Прискакав в Ургу, мы с Рерихом планировали сразу же отчитаться перед Унгерном об удачно проведенной дипломатической миссии. Дедушки не было в городе, он еще не прибыл с запада, и вестей от него никаких не поступало. В Урге готовились к коронации богдо-гэгэна. Государственный оракул, чойджин-лама, установил благоприятный для этого день, который в соответствии с результатами многочисленных гаданий выпадал на 26 февраля.

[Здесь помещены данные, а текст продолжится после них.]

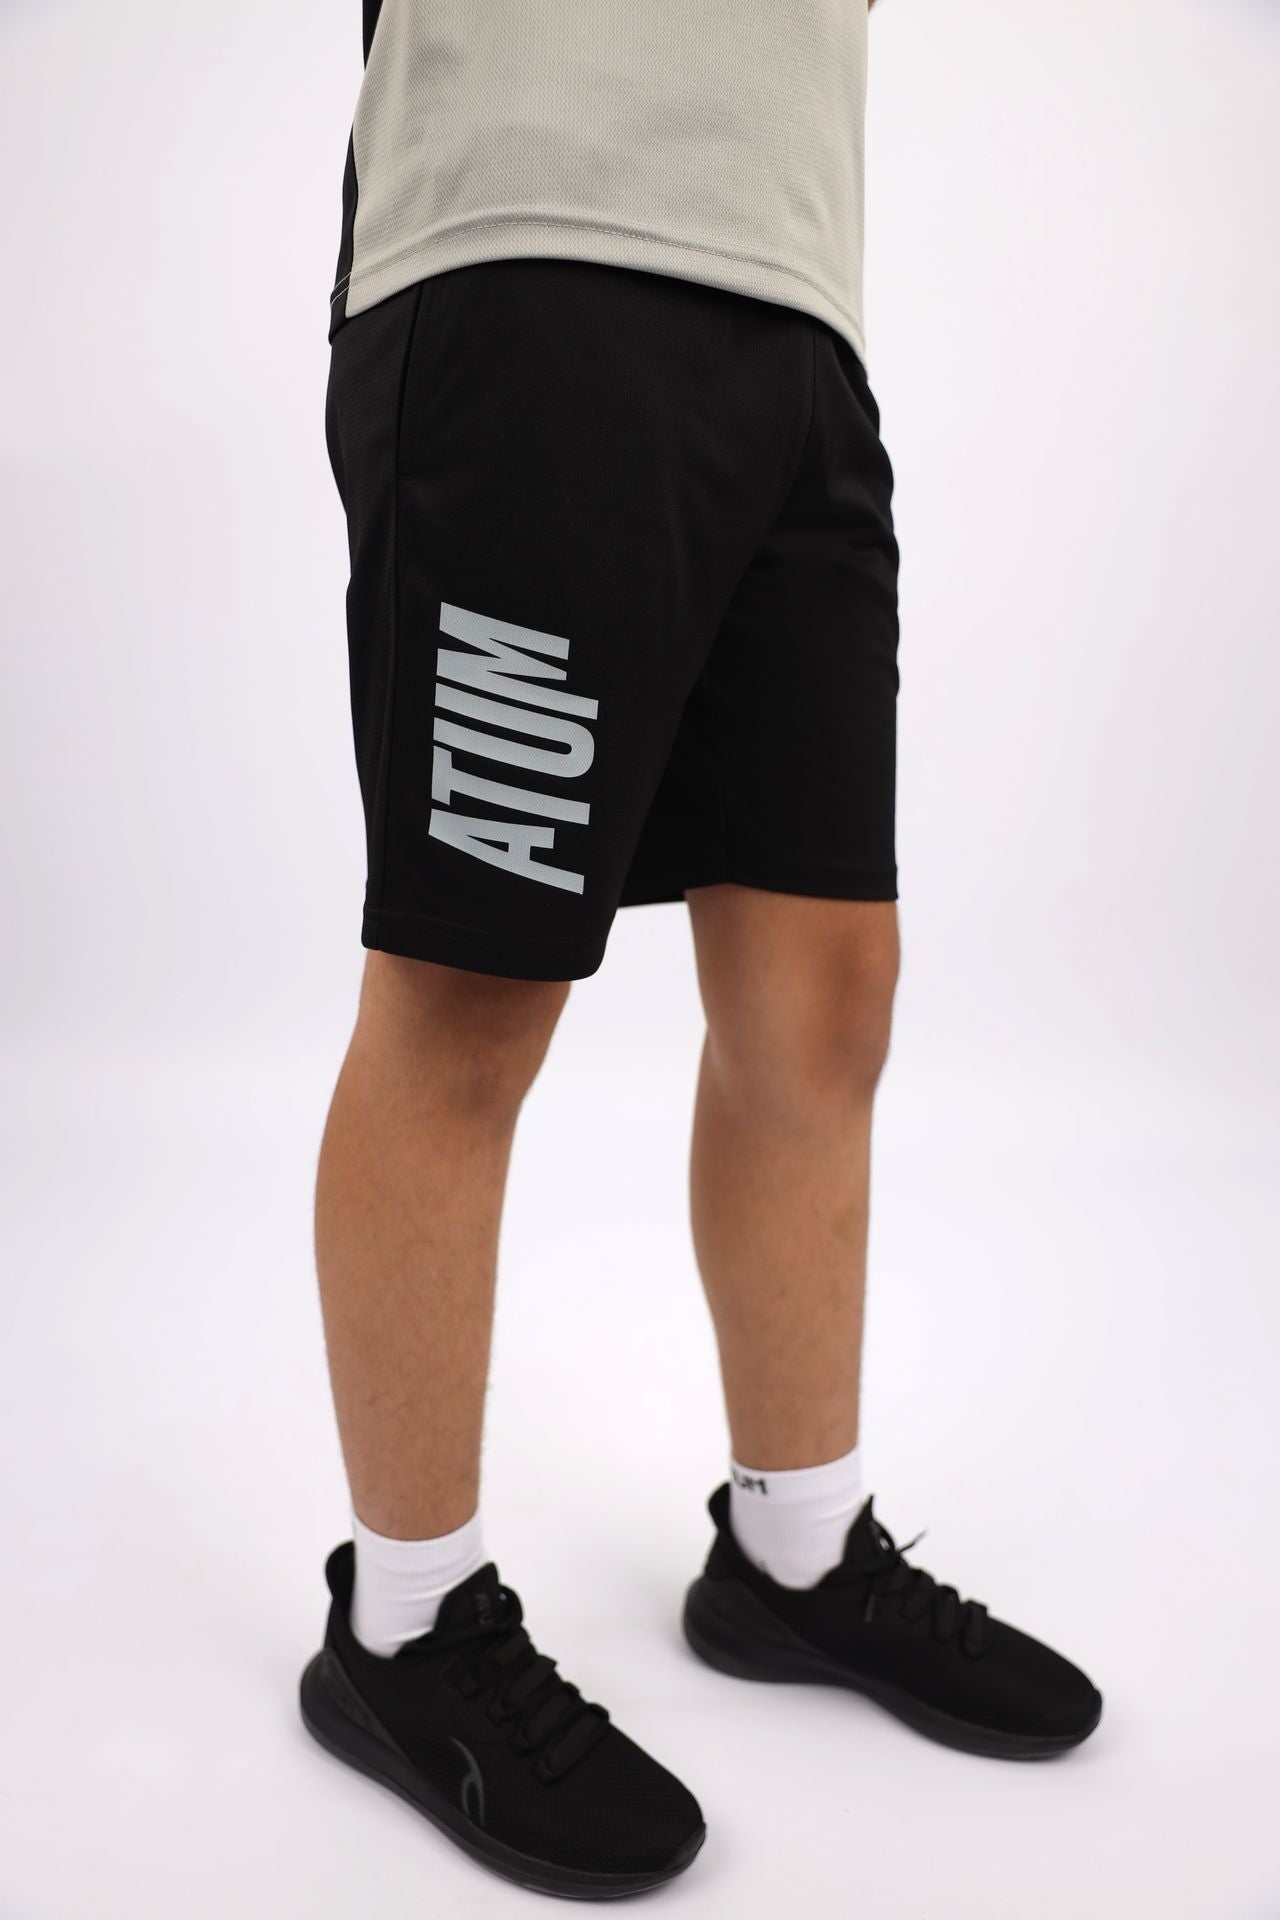 Atum Boy's Graphic Logo Sports Shorts

Ко мне в штаб прикатил на авто Сипайло, он был чем-то чрезвычайно встревожен.

– Ивановский, где Унгерн? Ты не с ним был эти дни?

– Нет, мы ездили в Ван-Хурэ на встречу с Казагранди и его отрядом.

– Казагранди? Это тот известный в округе партизан, который караваны прямо перед нашим носом к себе заворачивает? – Сипайло задергал головой и начал себя нервно ощупывать. Он что-то забормотал под нос, потом вдруг перестал трястись и на некоторое время безмолвно замер. – Срочно Дедушка нужен! Ко мне от богдо-гэгэна в Комендантскую команду послы приехали. Требуют, чтобы казни гаминов и евреев в городе прекратились, говорят, что мертвых с улиц и реки нужно убрать, а то коронация хутухты не состоится.

– А я тут при чем? – Мне совсем не хотелось заниматься очисткой города от трупов. – Это точно не ко мне!

– Да я на тебя не перекладываю! Думал, что ты про барона в курсе. Уже неделю как уехал, а тут столько всего скопилось. – Сипайло опять задергал головой, и глаза его начали бешено вращаться.

– Думаю, Дедушка не одобрит отмену коронации богдо-гэгэна. Это же прямая угроза зарождению монгольской монархии!

Я решил заставить Макарку Душегуба поволноваться всерьез. Может, этого кровожадного пиздюка удар сейчас хватит, и всем жить станет гораздо легче.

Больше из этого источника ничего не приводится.